Skeleton Cloud Colorization for Unsupervised 3D Action Representation
Learning
- URL: http://arxiv.org/abs/2108.01959v2
- Date: Thu, 5 Aug 2021 04:48:58 GMT
- Title: Skeleton Cloud Colorization for Unsupervised 3D Action Representation
Learning
- Authors: Siyuan Yang, Jun Liu, Shijian Lu, Meng Hwa Er, Alex C. Kot
- Abstract summary: Skeleton-based human action recognition has attracted increasing attention in recent years.
We design a novel skeleton cloud colorization technique that is capable of learning skeleton representations from unlabeled skeleton sequence data.
We show that the proposed method outperforms existing unsupervised and semi-supervised 3D action recognition methods by large margins.
- Score: 65.88887113157627
- License: http://creativecommons.org/licenses/by/4.0/
- Abstract: Skeleton-based human action recognition has attracted increasing attention in
recent years. However, most of the existing works focus on supervised learning
which requiring a large number of annotated action sequences that are often
expensive to collect. We investigate unsupervised representation learning for
skeleton action recognition, and design a novel skeleton cloud colorization
technique that is capable of learning skeleton representations from unlabeled
skeleton sequence data. Specifically, we represent a skeleton action sequence
as a 3D skeleton cloud and colorize each point in the cloud according to its
temporal and spatial orders in the original (unannotated) skeleton sequence.
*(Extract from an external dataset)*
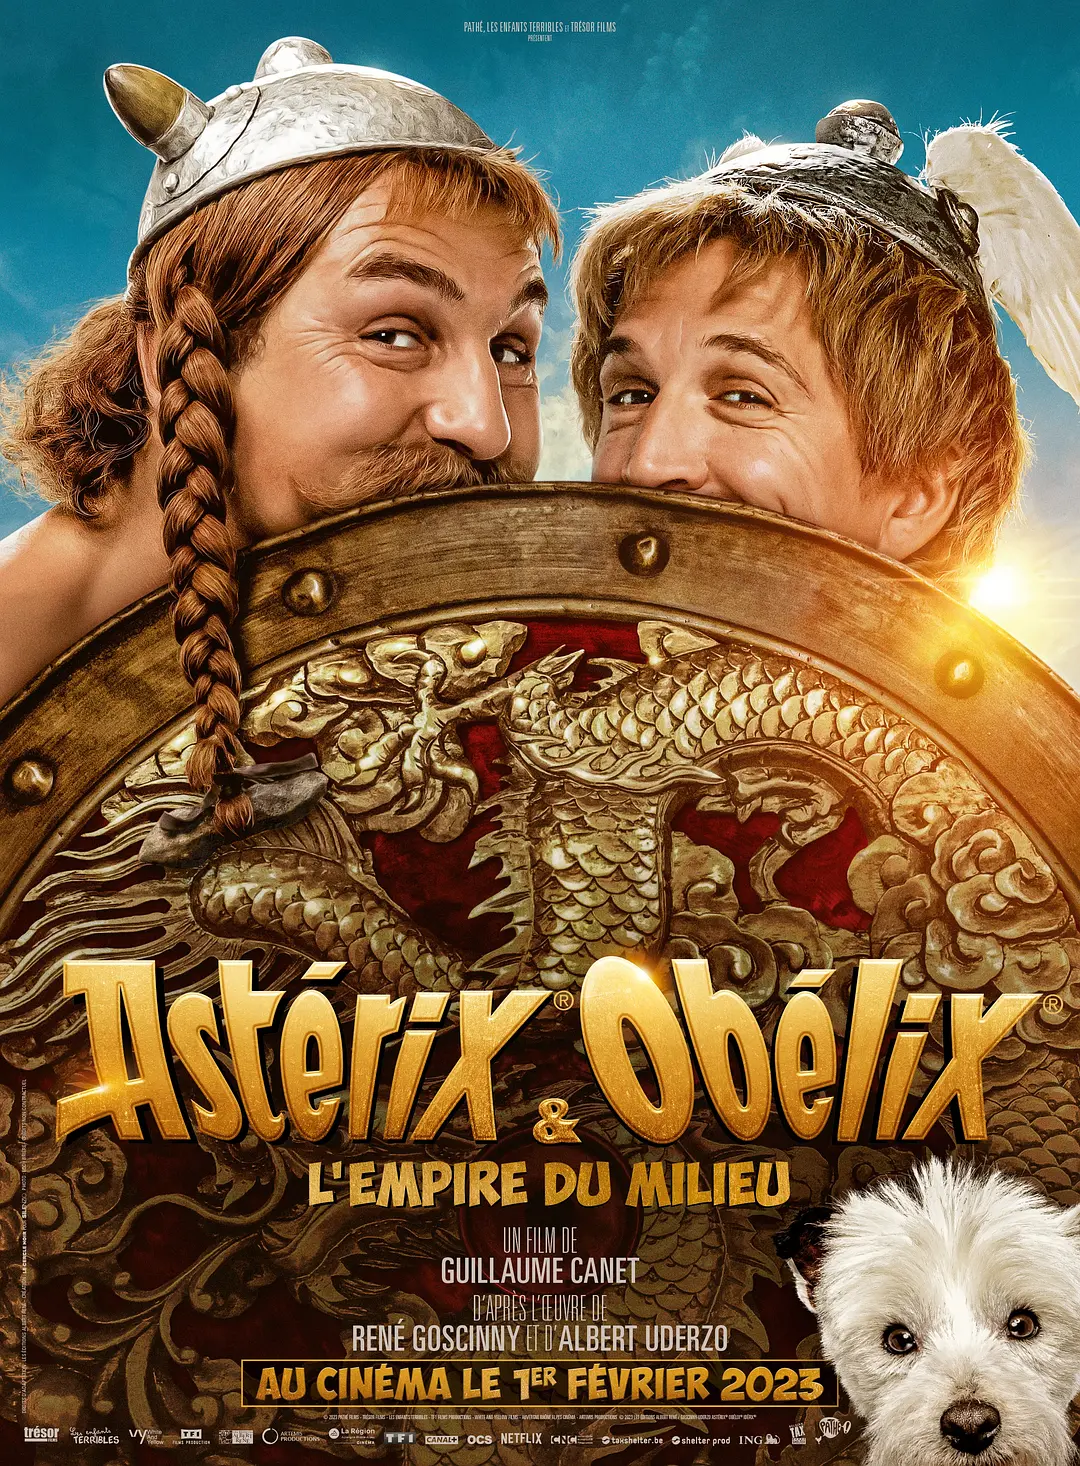 Poster of the movie Asterix & Obelix, l'empire du mileu

Leveraging the colorized skeleton point cloud, we design an auto-encoder
framework that can learn spatial-temporal features from the artificial color
labels of skeleton joints effectively. We evaluate our skeleton cloud
colorization approach with action classifiers trained under different
configurations, including unsupervised, semi-supervised and fully-supervised
settings. Extensive experiments on NTU RGB+D and NW-UCLA datasets show that the
proposed method outperforms existing unsupervised and semi-supervised 3D action
recognition methods by large margins, and it achieves competitive performance
in supervised 3D action recognition as well.